According to some embodiments, the radial outward downward tilt of
coins in the reject area 340 (such as at the second location) is
between about 5.degree. and 11.degree..
[0116] Turning to FIG. 6B, the elevated surface 346 and its inward
wall 346a and outward wall 346b are illustrated along with surface
347, small area 347a, and corner 347aa where area 347a meets the
bottom of wall 346b. As coins approach this area, their inner edges
are aligned with line 118c which is at a radial distance equivalent
of inner alignment wall 332. According to some embodiments, the
elevated surface 346 is about 0.035-0.045 inches above surface
347.
[0117] As a coin approaches the reject region 340, it is pressed
against surface 339, down ramp 348, and then pressed against
surface 347. Then the inner edge of the coin travels up ramp 345a
and then along surface 346 and becomes tilted as illustrated in
FIG. 7B. As seen in FIG. 7B, a coin pinched between resilient
rotating pad 118 and corner 347aa is tilted downward in a radially
outward direction (the inner edge of the coin is higher than the
outer edge). At the first location (shown in dashed lines) just
before or as coins strike the diverter 342, they are pinched
between the pad 118 and the sorting head 312 between roughly line
118c and the corner 347aa. At the second location when the coins to
be rejected are adjacent the diverter pin 342, the coins are still
maintained under significant pad pressure as pad pressure is
exerted over the distance between the inner edge of each coin and
corner 347aa. As a result, coins striking diverter 342 are not
immediately released from pad pressure and control over the
rejected coins is maintained. FIG. 7D illustrates the range and
hence the duration of "pad controlled drive" of a rejected dime
with sorting head 312 from first pin contact C10-7D1 to end of
pad-to-disc grip C10-7D2. That is, the position of dime C107-D1
illustrates where a rejected dime first strikes the diverter pin
342 while the position of dime C10-7D2 illustrates the last
position where any kind of pad pressure control is present. As can
be seen, pad pressure control over a rejected dime is maintained
until after the dime strikes reject wall 344. The resulting
maintenance of control over a rejected coin yields a predictable
trajectory of rejected coins. As seen in FIG. 7D, reject wall 344
downstream of bend 344b is angled from a line tangent to a
circumference intersecting straight portion 344c of reject wall 344
by an angle .alpha.7D. According to some embodiments, angle
.alpha.7D is about 30.degree.. According to some embodiments, angle
.alpha.7D is between about 5.degree. and 35.degree..
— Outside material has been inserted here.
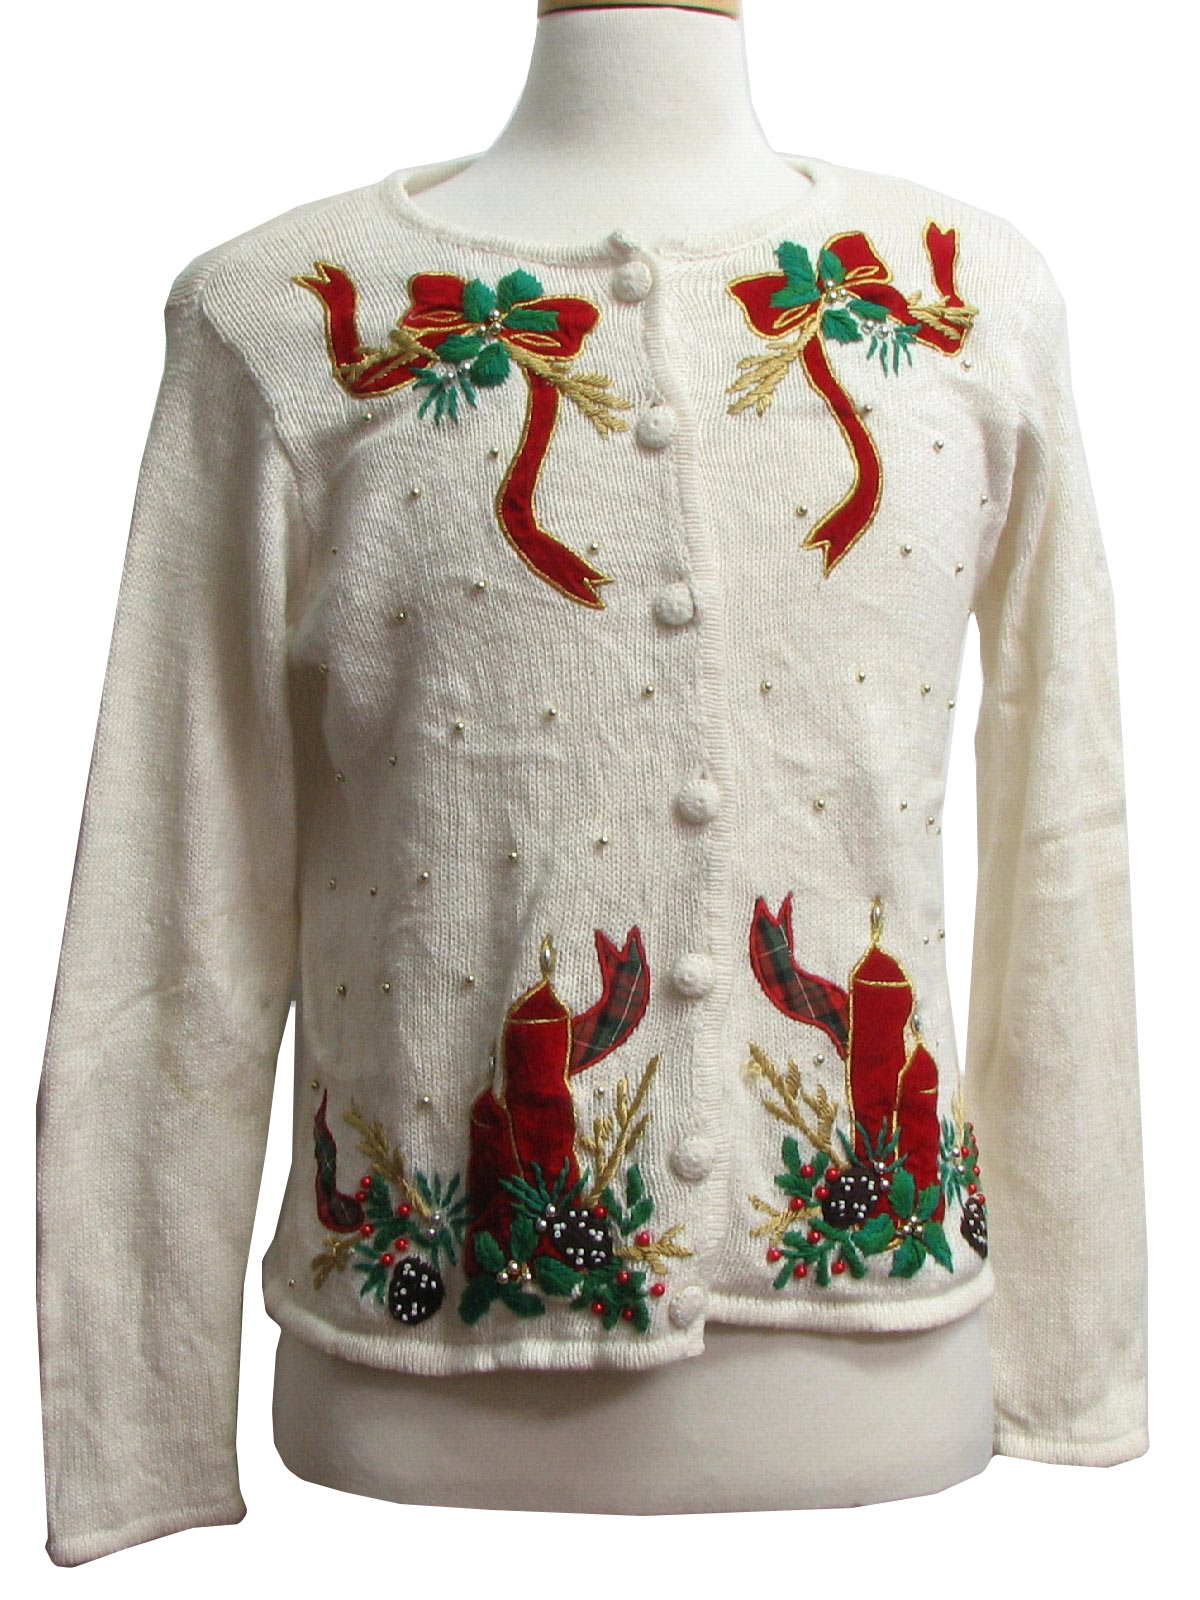 Womens Ugly Christmas Sweater: -Studio Collection- Womens cream ...

[0118] A comparison of FIGS. 7A and FIG. 7B shows more pad/sort
head contact on coins before and after coins strikes diverter pin
342 for reject area 340 versus reject area 240. As discussed above,
the design of reject area 340 keeps a coin under pad pressure even
after the coin strikes pin 342. Rejected coins remain under pad
pressure as coin continues to move along surface 347 and up ramp
341. Pad pressure remains on the outward side of a rejected coin
until coin almost reaches top of ramp 341 and enters reject slot
349. Meanwhile, the inward side of a rejected coin remains under
pad pressure as the inward side of the rejected coin travels up
ramp 345a and moves through elevated recess region 346 and even
after striking pin 342. Before a rejected coin is completely
released from pad pressure it has already contacted reject wall 344
in an upstream area 344a of reject wall and through bend 344b of
reject wall 344. Thus, the release trajectory of a rejected coin is
in the direction 340a (FIG. 4B) parallel to a straight portion 344c
of reject wall 344 before the coin is completely released from
being under pad pressure. This leads to a smooth and more
predictable release of rejected coins.
[0119] Turning back to FIG. 5B, the path of a rejected dime is
shown. A dime striking pin 342 moves from position C10-5B2, is
guided by upstream wall portion 344a and bend 344b of the reject
wall 344 to position C10-5B3 while still under pad control and then
follows along wall 344 to position C10-5B4 and then to position
C10-5B5 along direction D5B. According to some embodiments, coins
first engage reject wall 344 at a point past bend 344b. For
example, in the case of a dime, according to some embodiments,
dimes first contact reject wall 344 at a location downstream of
bend 344b but just upstream of the position depicted by position
C10-5B3. As can be seen in, for example, FIGS. 4B and 5B, the
reject surface 343 of the reject slot 349 is defined by the shape
of reject wall 344 and the upper edge of ramp 341 and has a rounded
peninsula extending upstream of the inner edge of ramp 341 toward
recess 346. The upstream end 344a is positioned at a radial
location just radially inward of the outside edge of the diverter
pin 342. According to some embodiments, rejected coins repositioned
to the outside edge of reject pin 342 proceed to engage wall
portion 344a. According to some embodiments, the bend 344b of the
reject wall 344 is a gentle bend and assists with smoothly guiding
rejected coins into a direction parallel to the outwardly extending
straight portion 344c. According to some embodiments, the radius of
bend 344b is a little larger than the radius of the largest coin to
be sorted. According to some embodiments, the outwardly extending
straight portion 344c is oriented at or nearly 60.degree. from a
radius of the rotating pad 118 intersecting the straight portion
344c (or 30.degree. from a circumference intersecting the straight
portion 344c as seen by angle .alpha.7D shown in FIG. 7D).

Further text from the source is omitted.